Lake Agnes, Canadian Rockies, July 2007Xichen Huang, Jin Wang and Feng Liang have recently arXived a paper where they rely on variational Bayes in conjunction with a spike-and-slab prior modelling. This actually stems from an earlier paper by Carbonetto and Stephens (2012), the difference being in the implementation of the method, which is less Gibbs-like for the current paper. The approach is not fully Bayesian in that, not only an approximate (variational) representation is used for the parameters of interest (regression coefficient and presence-absence indicators) but also the nuisance parameters are replaced with MAPs. The variational approximation on the regression parameters is an independent product of spike-and-slab distributions. The authors show the approximate approach is consistent in both frequentist and Bayesian terms (under identifiability assumptions). The method is undoubtedly faster than MCMC since it shares many features with EM but I still wonder at the Bayesian interpretability of the outcome, which writes out as a product of estimated spike-and-slab mixtures. First, the weights in the mixtures are estimated by EM, hence fixed.

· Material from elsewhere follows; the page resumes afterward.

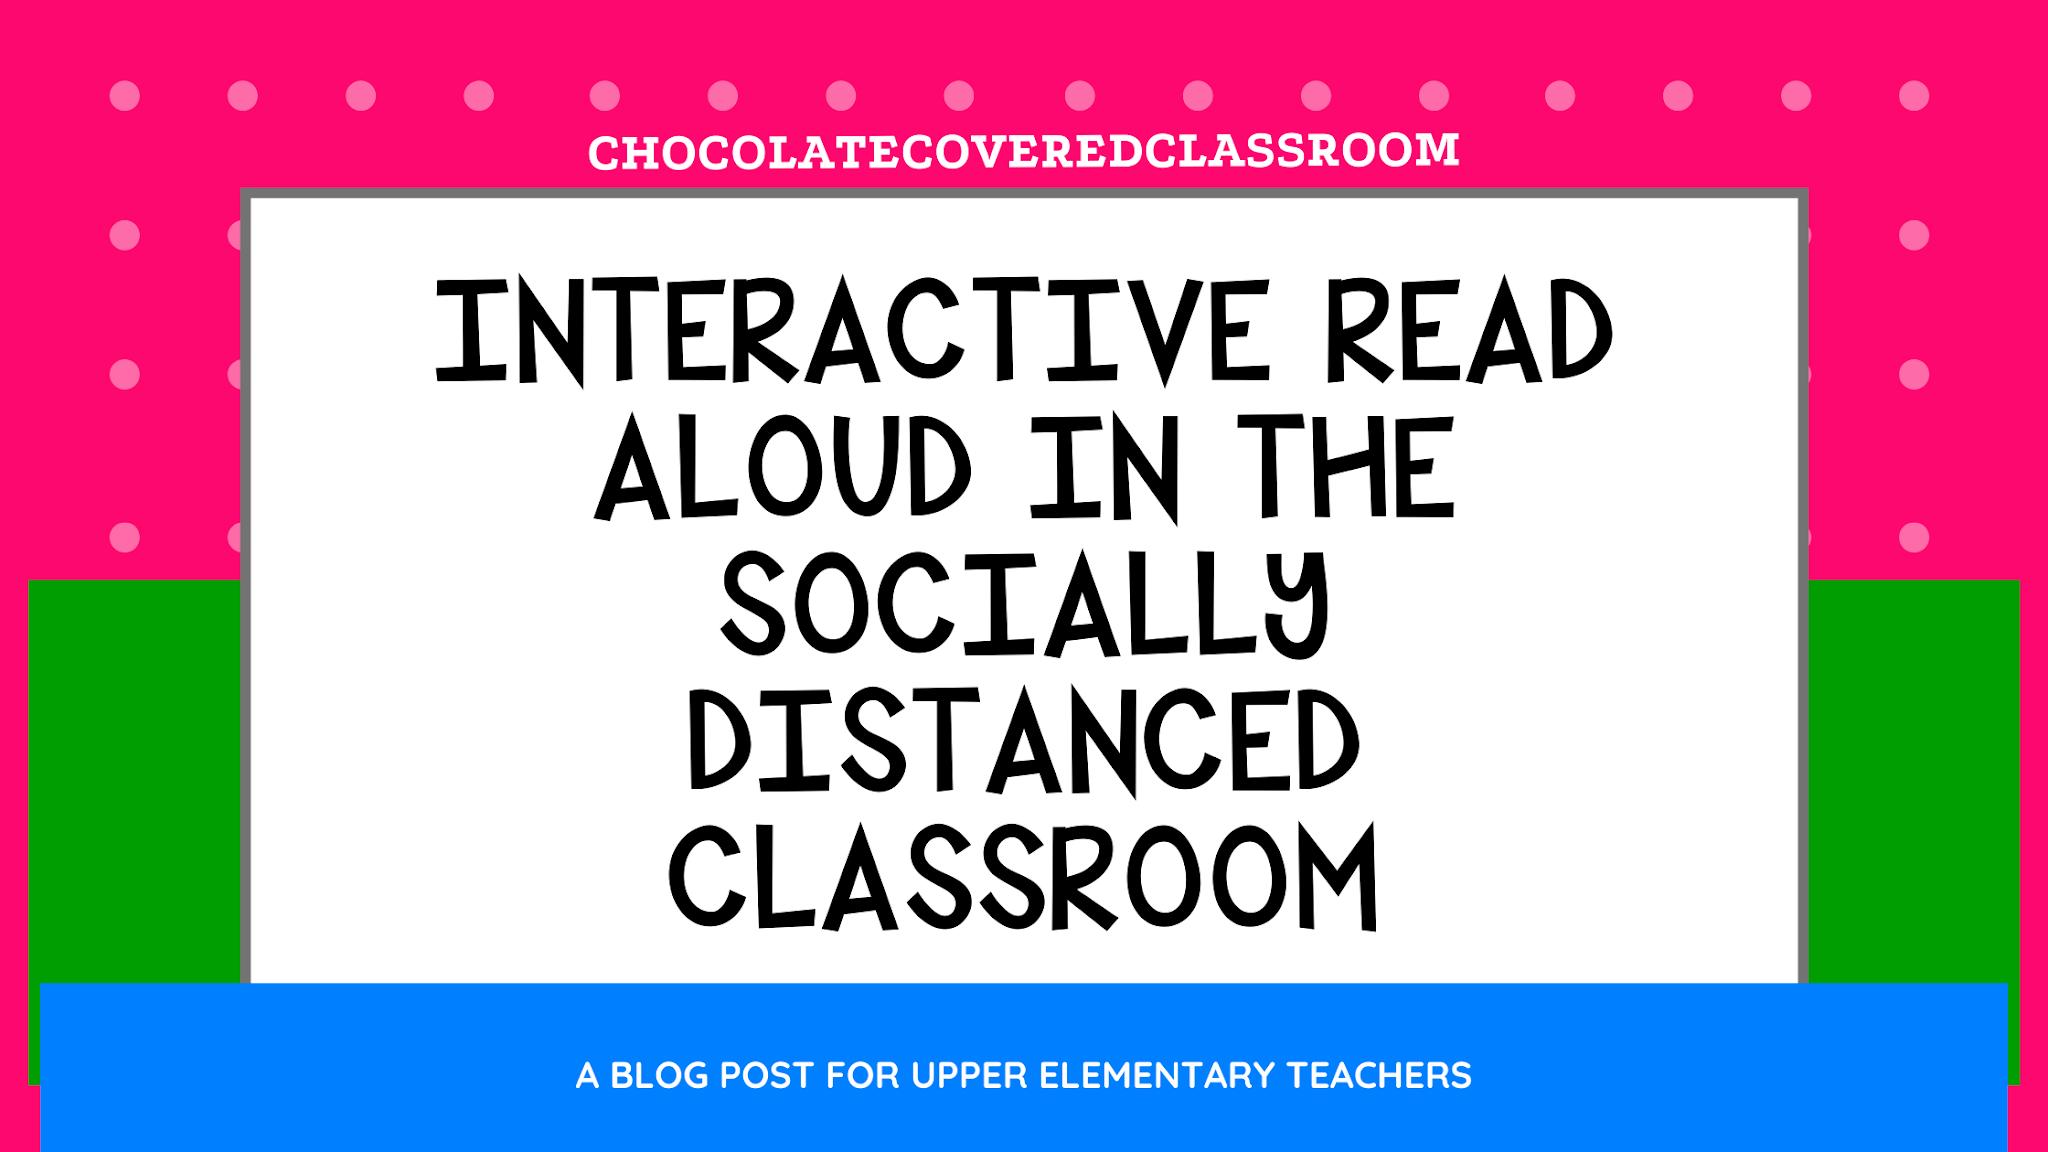 Interactive Read Aloud in the Socially Distanced Classroom

Second, the fact that the variational approximation is a product is confusing in that the posterior distribution on the regression coefficients is unlikely to produce posterior independence.

at CIRM [#2]

Posted in Mountains, pictures, Running, Statistics, Travel, University life with tags , , , , , , , , , , , , , , , , , , on March 2, 2016 by xi'an

Sylvia Richardson gave a great talk yesterday on clustering applied to variable selection, which first raised [in me] a usual worry of the lack of background model for clustering. But the way she used this notion meant there was an infinite Dirichlet process mixture model behind. This is quite novel [at least for me!] in that it addresses the covariates and not the observations themselves. I still wonder at the meaning of the cluster as, if I understood properly, the dependent variable is not involved in the clustering. Check her R package PReMiuM for a practical implementation of the approach. Later, Adeline Samson showed us the results of using pMCM versus particle Gibbs for diffusion processes where (a) pMCMC was behaving much worse than particle Gibbs and (b) EM required very few particles and Metropolis-Hastings steps to achieve convergence, when compared with posterior approximations.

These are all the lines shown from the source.